If you pull the graphs back pre draw #7 you can account for how mulliganing will play into the chances. i.e. if you have 4 of a card in your deck, don't get it in your opening hand, what chance do you have of seeing it on the mulligan, etc.
I've enjoyed your graph posts, btw -- I think they're cool, and I love visualizing applied mathematics.
you would have actually less of a chance seeing it after the mulligan since you are drawing 6 cards and not 7 because since the original hand is shuffled in it basically resets everything. Unless of course you follow the whole gamblers fallacy thing.
I like fun, but competitive decks. So I might not play what is optimal but they have normally been tested to have a 2/3 winrate.
you would have actually less of a chance seeing it after the mulligan since you are drawing 6 cards and not 7 because since the original hand is shuffled in it basically resets everything.
Yes, I realize that, that doesn't mean knowing the additional probability is valueless. It's still applicable to see what those probabilities are for total draws less than 7, even though they will be independently lower.
You can still use that additional probability to determine the odds that a particular card is drawn in any one of the set of chances [first hand, first mulligan, second mulligan, etc]. If, in 4 out of 10 games you see the card in your opening hand, but in ~3.5 out of 10 of the 6 out of 10 other games (when you don't see the card, so you mulligan), you see the card in your first mulligan, then the overall chances of seeing the card *by* the first mulligan is greater than seeing in only your first hand. I think that's worth knowing when it comes to asking the question "is it worth mulliganing for a particular card or set of cards?"
A simple thought experiment is flipping a penny to get heads. If heads shows up on the first flip, don't flip again. If tails shows up, flip only once more. Though the second flip still only has a 50% chance of being heads, you will see a heads flip show up an overall 75% of all games.
If you pull the graphs back pre draw #7 you can account for how mulliganing will play into the chances. i.e. if you have 4 of a card in your deck, don't get it in your opening hand, what chance do you have of seeing it on the mulligan, etc.
I've enjoyed your graph posts, btw -- I think they're cool, and I love visualizing applied mathematics.
you would have actually less of a chance seeing it after the mulligan since you are drawing 6 cards and not 7 because since the original hand is shuffled in it basically resets everything.
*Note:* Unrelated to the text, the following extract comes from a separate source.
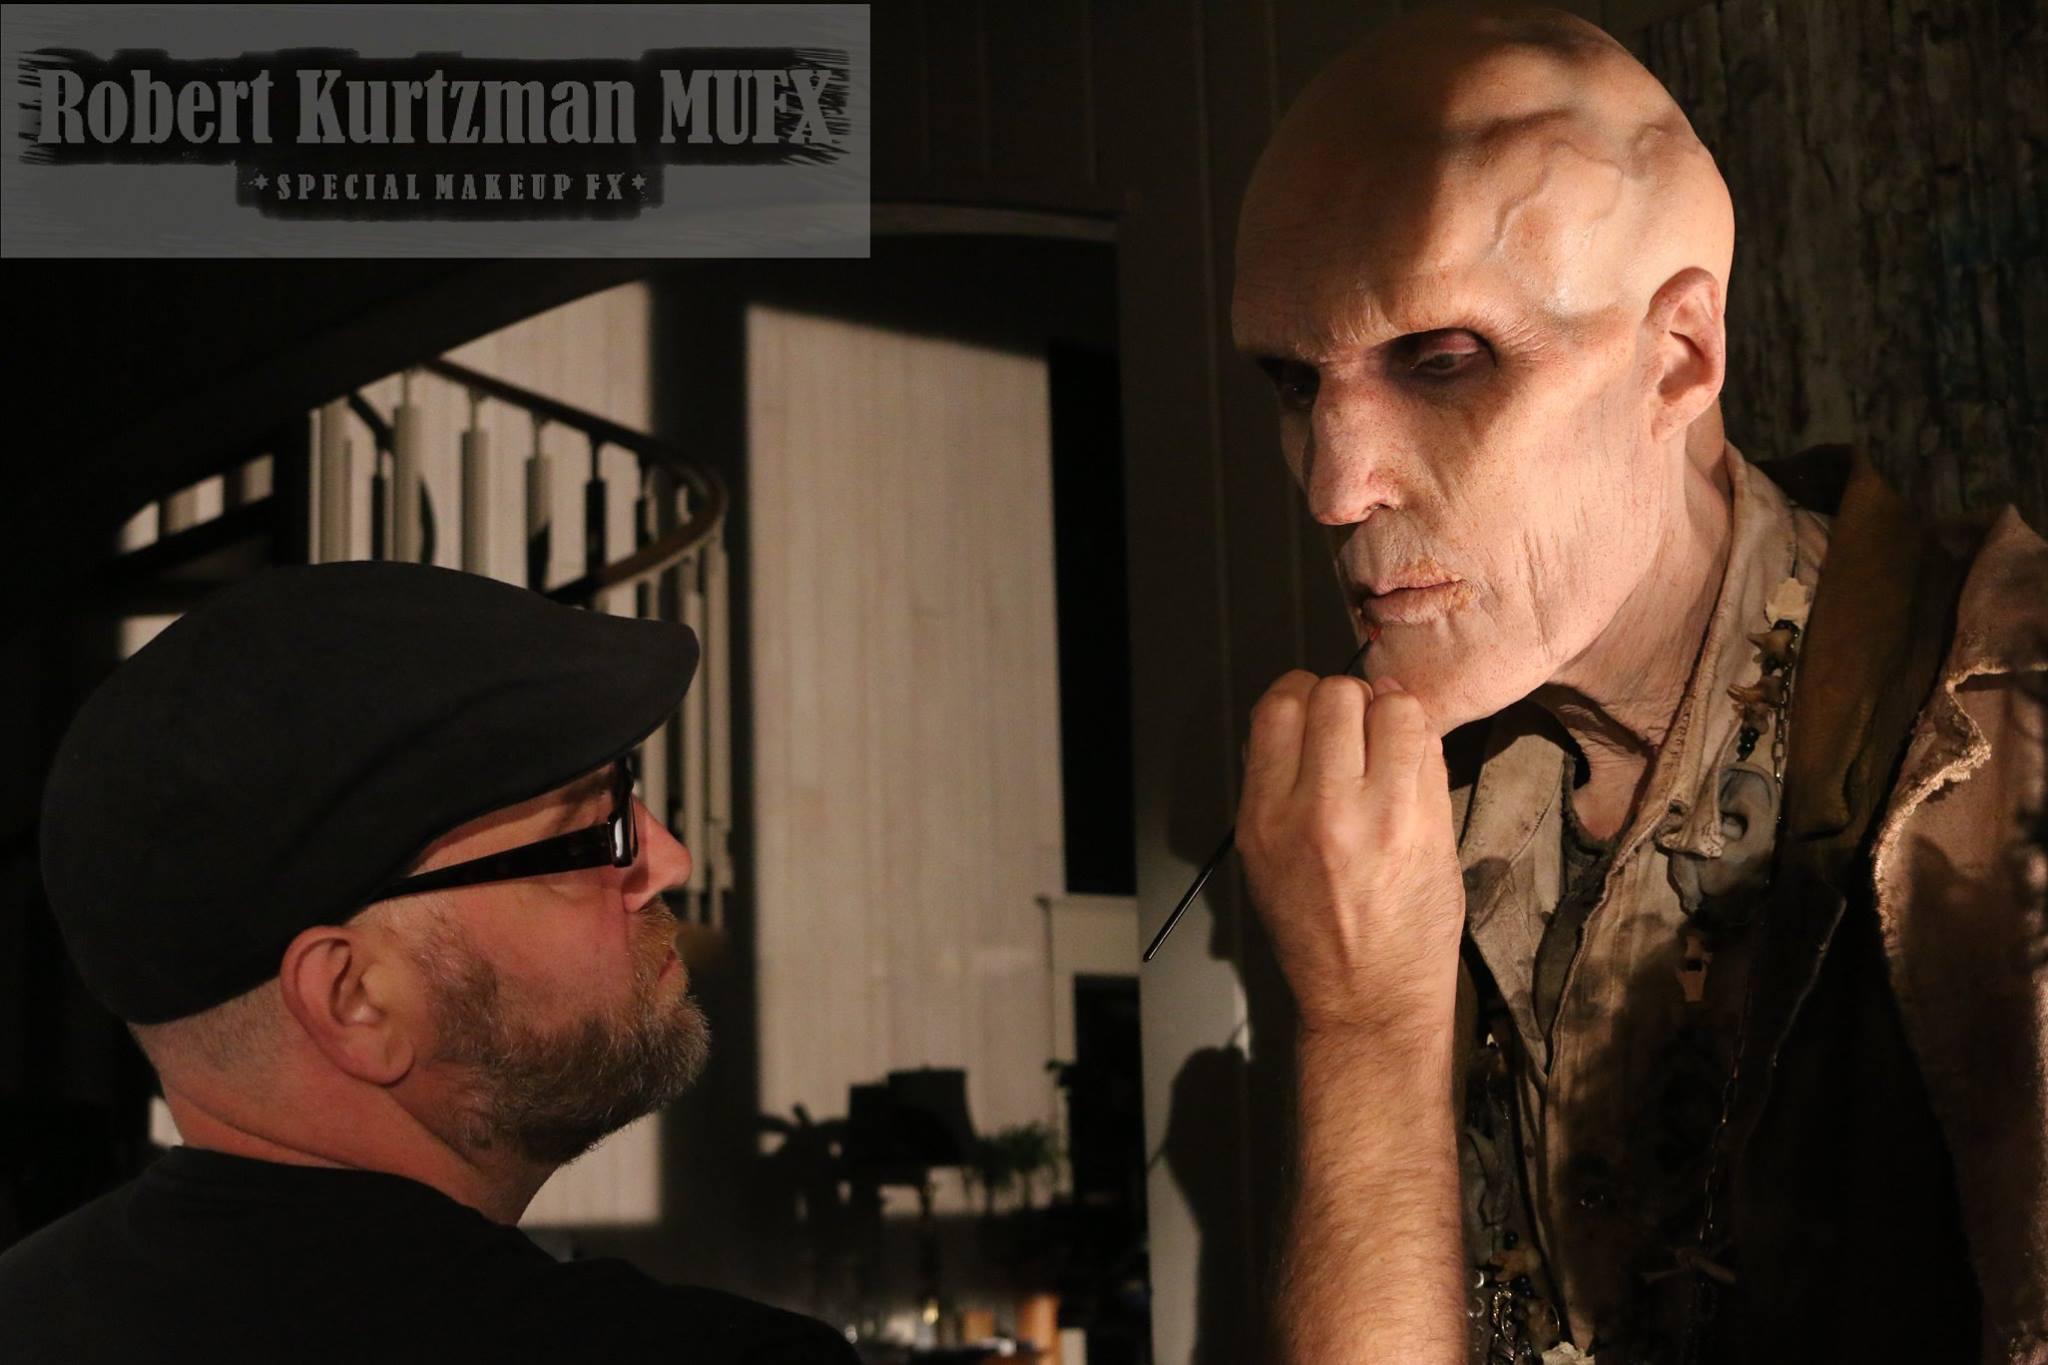 Gerald S Game Makeup Artist Shares Behind The Scenes Moonlight Man Makeup Pics Bloody Disgusting
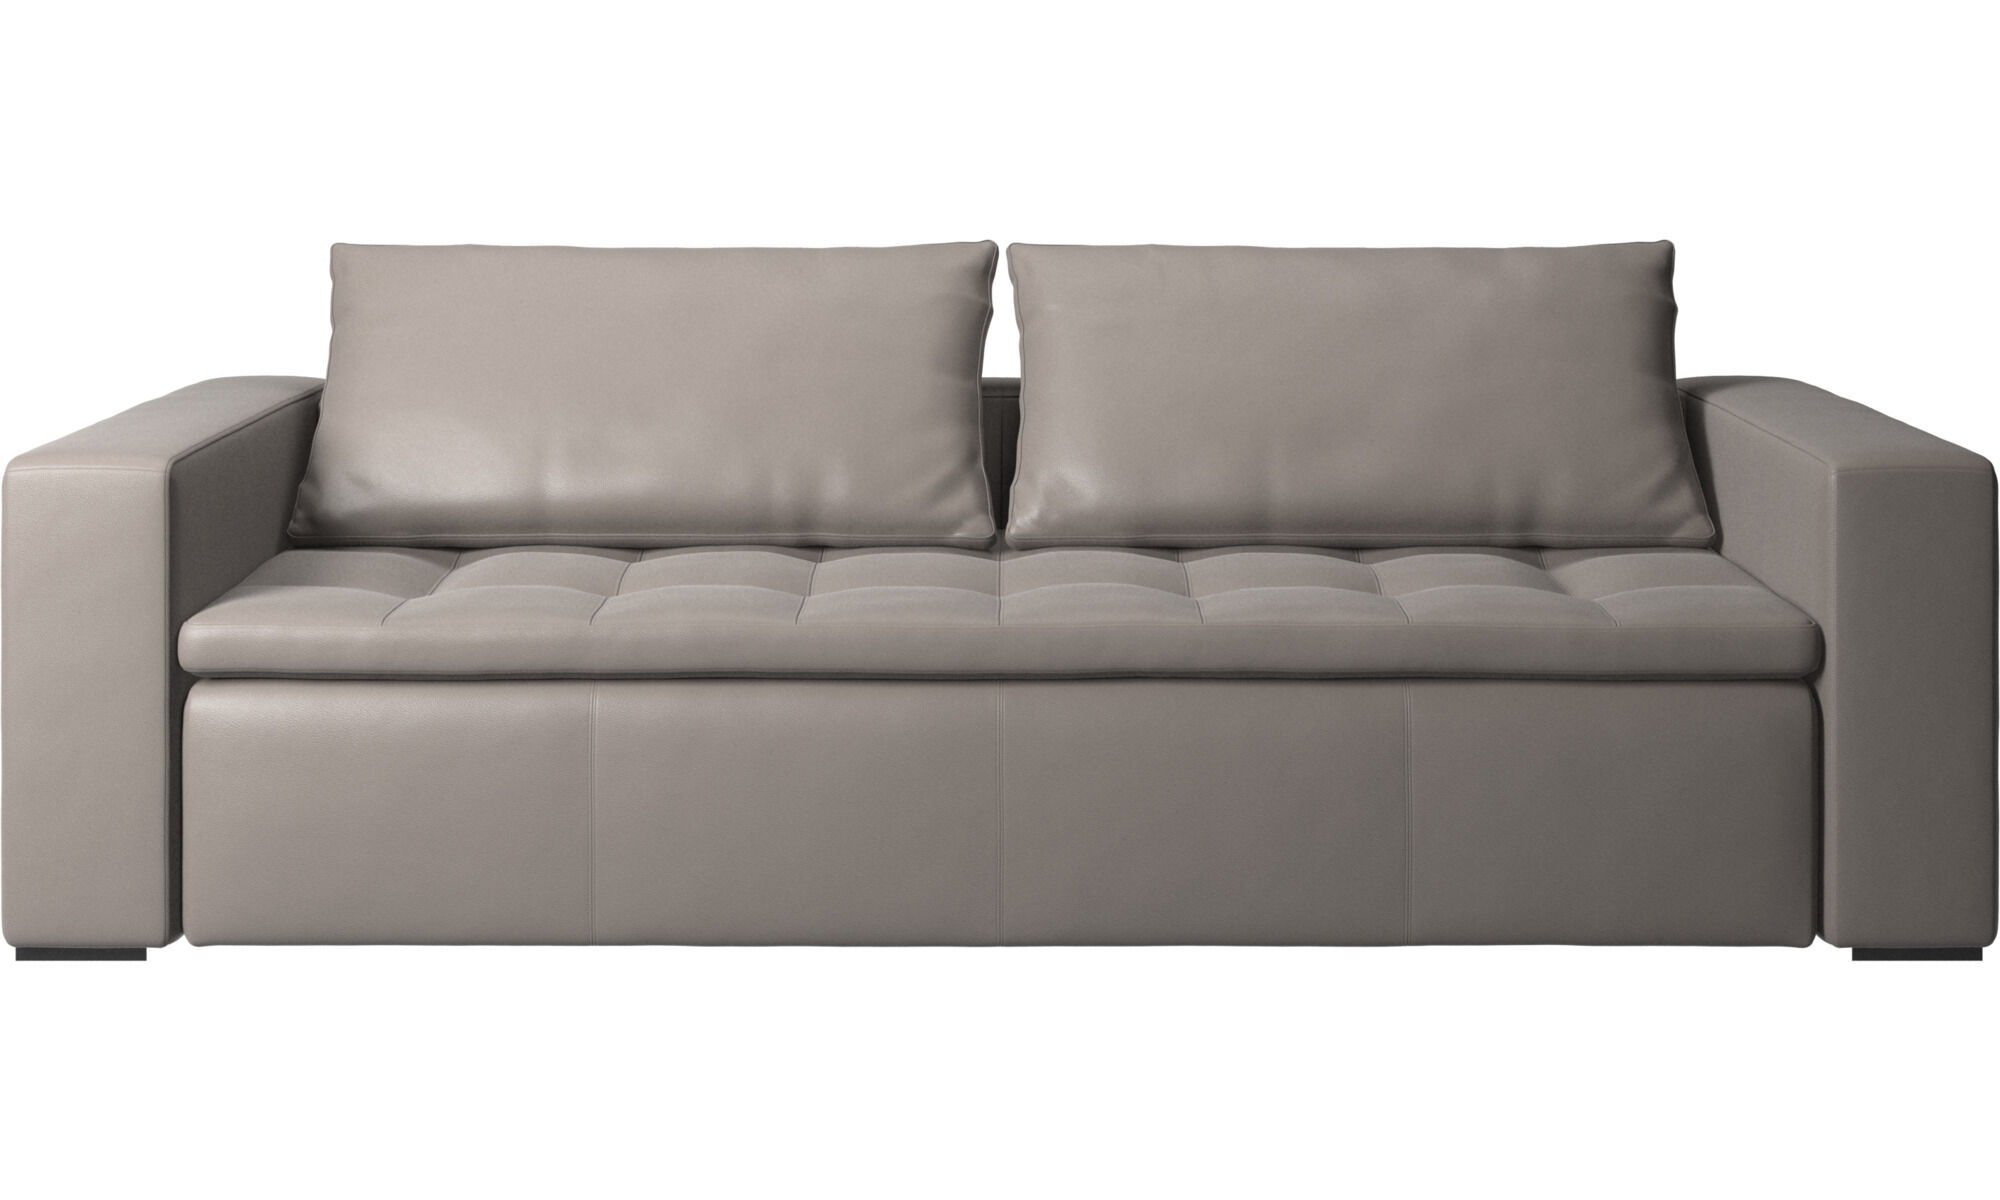 3 Sitzer Sofas   Mezzo Sofa   Beige   Leder ...

Unless of course you follow the whole gamblers fallacy thing.
If you've already drawn your 7 and did not draw the card you want, then you're not talking probability anymore. There is zero chance to get the card you want, and we can know this because you have already drawn your cards and did not get the one you want. Shuffling up and trying again can't make this chance less than zero. He just wants the graphs extended backwards to show probabilities after 6, 5, 4 draws etc. too instead of only 7+.